#### Material for this exercise
- - -

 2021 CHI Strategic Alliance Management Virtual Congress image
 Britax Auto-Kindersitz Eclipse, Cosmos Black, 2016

- - -

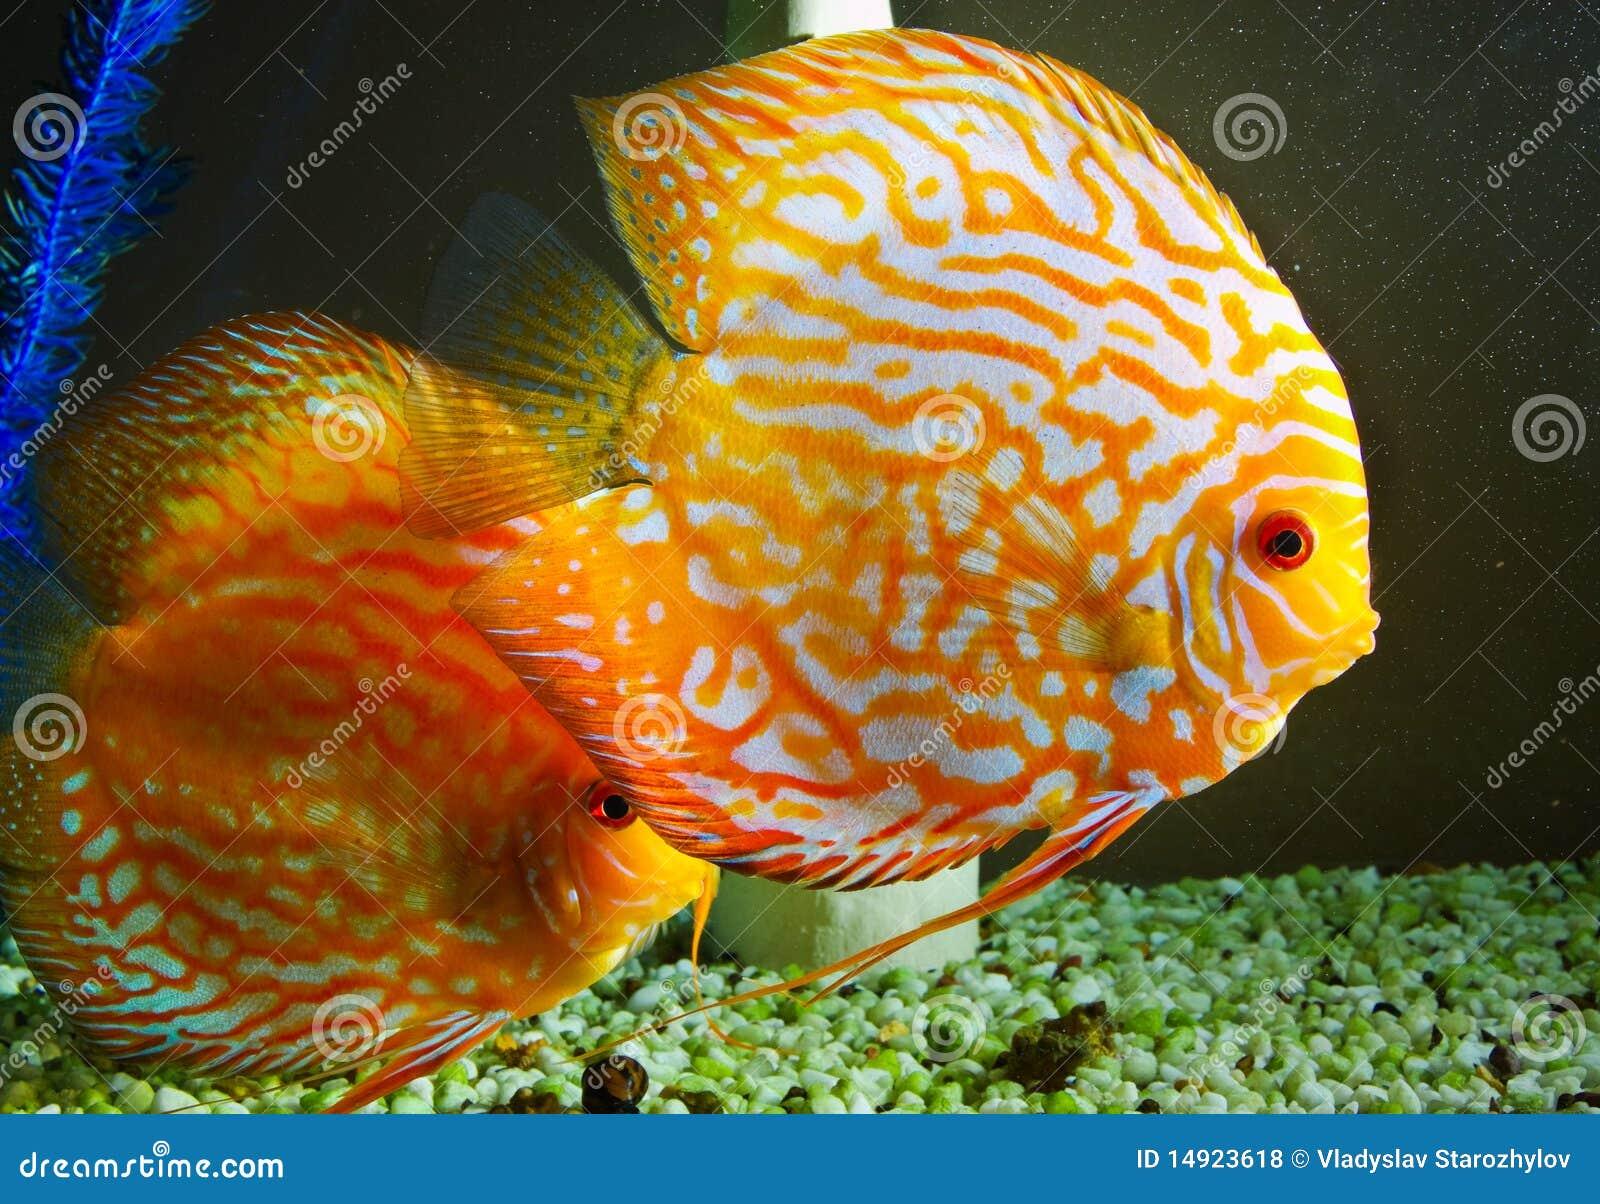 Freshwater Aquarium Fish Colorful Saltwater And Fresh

- - -

#### Exercise aim
Proceeding from the line containing "2021 CHI Strategic" through the line containing "Britax Auto-Kindersitz Eclipse, Cosmos", transcribe the lines above exactly, both end lines included.

#### Solution to this problem
 2021 CHI Strategic Alliance Management Virtual Congress image
 Britax Auto-Kindersitz Eclipse, Cosmos Black, 2016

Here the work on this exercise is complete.